The research source was materialized into `{experiment_path}` during Phase 0. Its local path is recorded in `{experiment_path}/log.json` under `metadata.research_source`, and a short descriptive label Phase 0 chose is under `metadata.research_source_kind`. The label is free-form (common values: `pdf`, `file`, `git`, `kaggle_notebook`, `kaggle_dataset`, `arxiv`, `huggingface_model`, `html`, `idea`, `other`), but treat it as a hint only — always follow the actual path in `metadata.research_source`.

Inspect that path and read whatever is there:

- A single file (PDF, Markdown, HTML, `.ipynb`, text, …) → read it directly.
- A directory → read the obvious entry points first (`README*`, `*.ipynb`, top-level notebooks or code, `docs/`, dataset descriptions), then skim the rest as needed.
- A text **idea** (`research_source_kind == "idea"`, typically a short `research_source.md`) → read the user's description carefully and turn it into a concrete method plan. Pick a specific algorithm / library that matches the description, define the hyperparameters you will use, and document your interpretation explicitly in the Phase 2 log entry. If the idea is ambiguous, commit to a reasonable default and note the trade-off — do not invent a citation or claim the idea came from a paper.
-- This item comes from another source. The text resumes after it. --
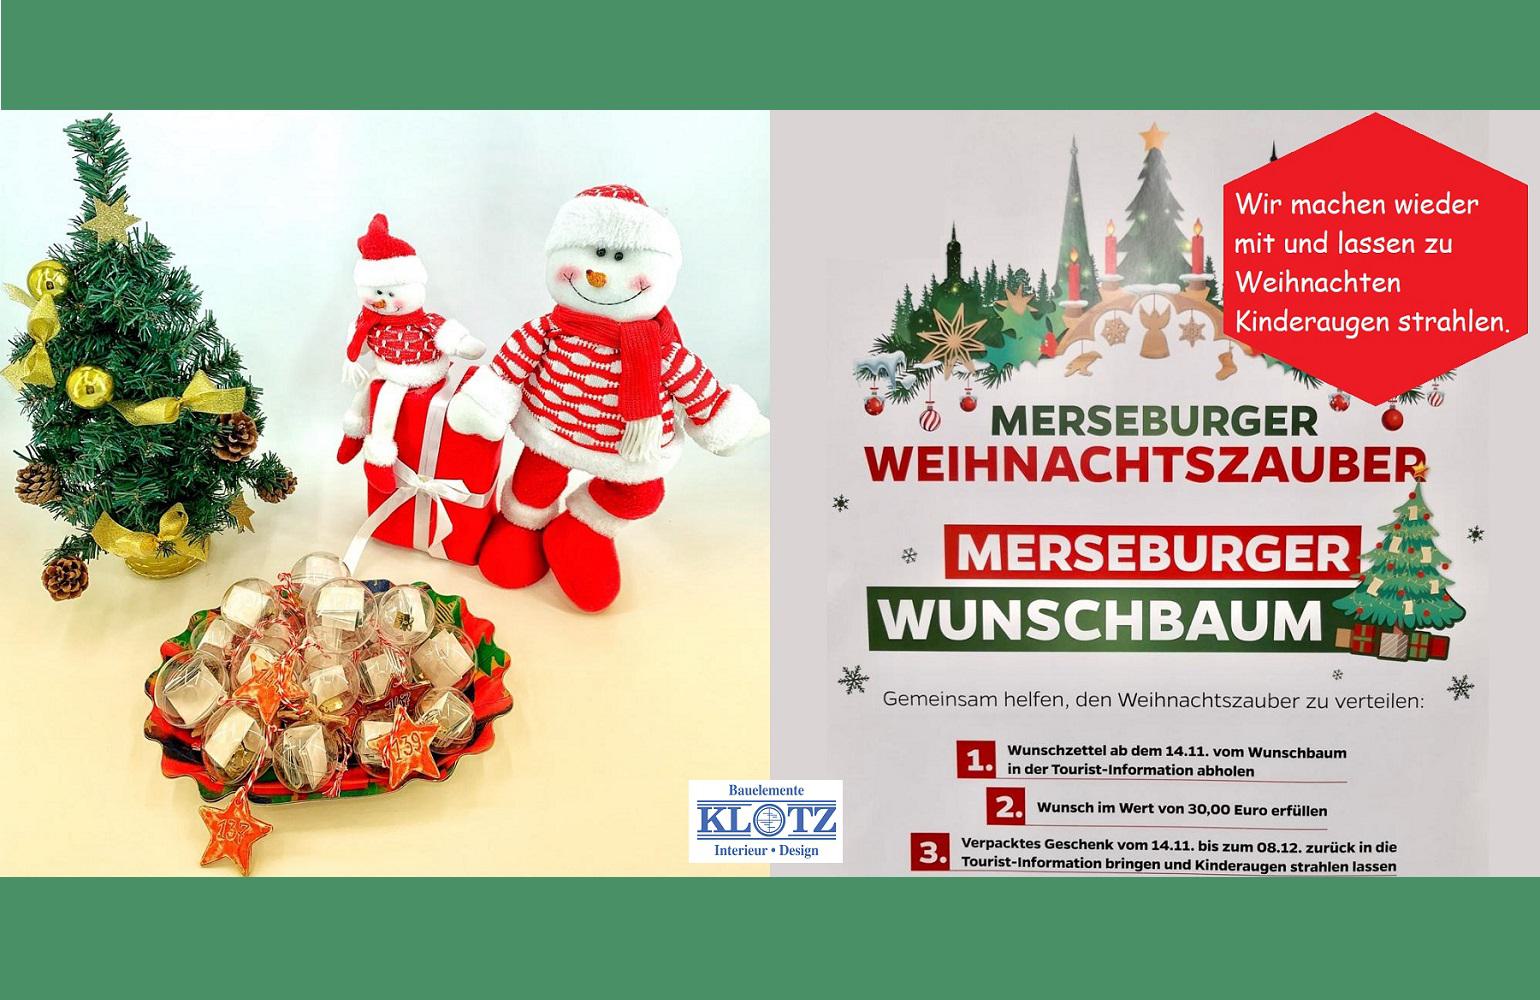 Merseburger Wunschbaum 2022

Do not try to re-fetch the source. If the content is insufficient, note what is missing in the Phase 2 log entry and proceed with the best analysis you can.

## Actions

1. **Read the materialized research source** at `metadata.research_source` (falling back to `research.pdf` for legacy experiments) and extract:

   - **Method Summary:** 2-3 short paragraphs describing what the paper proposes, what problem it solves, and how it differs from traditional approaches.
   - **Pros:** each advantage the paper claims or demonstrates.
   - **Cons:** stated or inferred limitations, assumptions, or weaknesses.
   - **Implementation Requirements:**
     - Required libraries/packages (with versions if specified)
     - Required data format or preprocessing
     - Required compute resources (GPU, memory, etc.)
     - Key hyperparameters to set
   - **Compatibility Analysis:**
     - Can the method use the same data as the current baseline?
     - Does it need different preprocessing?
     - Does it output comparable predictions (same format)?
     - Can the same metrics be used for comparison?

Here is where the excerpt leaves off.